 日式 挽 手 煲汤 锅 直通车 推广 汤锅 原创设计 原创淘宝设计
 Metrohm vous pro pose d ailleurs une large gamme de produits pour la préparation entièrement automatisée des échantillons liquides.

==

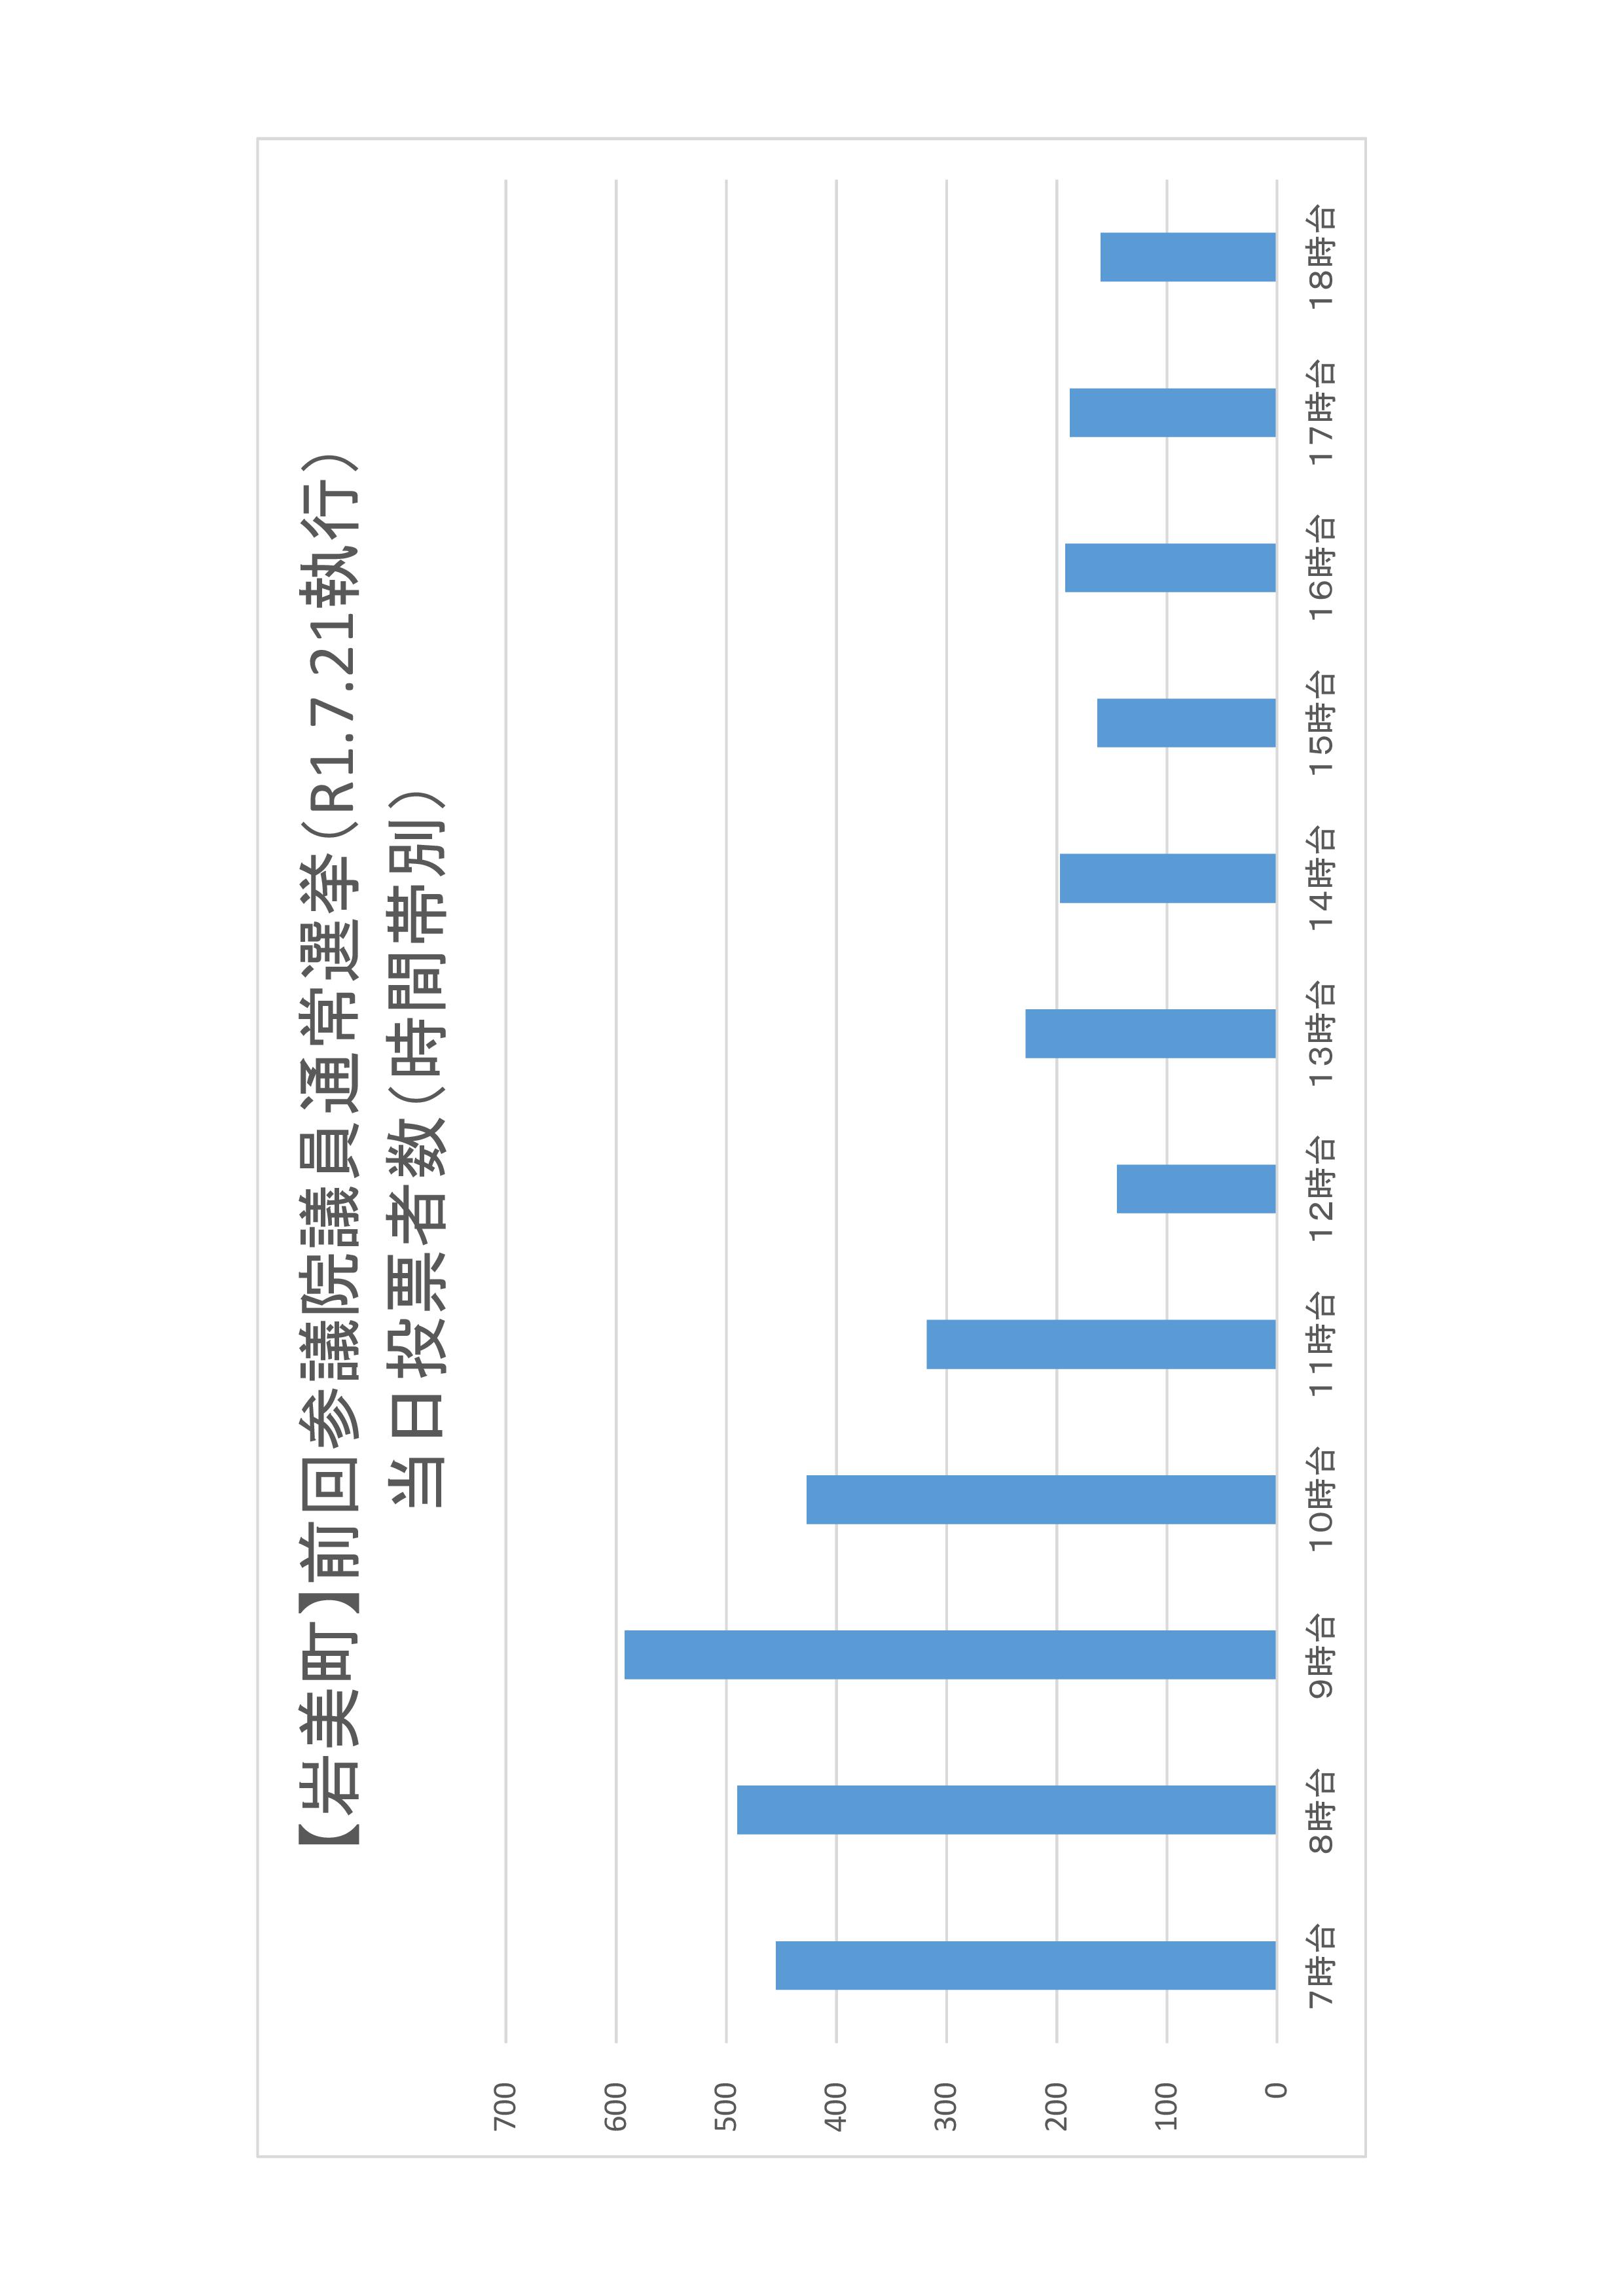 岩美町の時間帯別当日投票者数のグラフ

• What is needed: Taking the lines above, repeat exactly those from the line that contains "日式 挽 手 煲汤 锅 直通车 推广 汤锅 原创设计 原创淘宝设计" through the line that contains "Metrohm vous pro", and both of those lines as well. Include nothing else.

• Completed task:
 日式 挽 手 煲汤 锅 直通车 推广 汤锅 原创设计 原创淘宝设计
 Metrohm vous pro pose d ailleurs une large gamme de produits pour la préparation entièrement automatisée des échantillons liquides.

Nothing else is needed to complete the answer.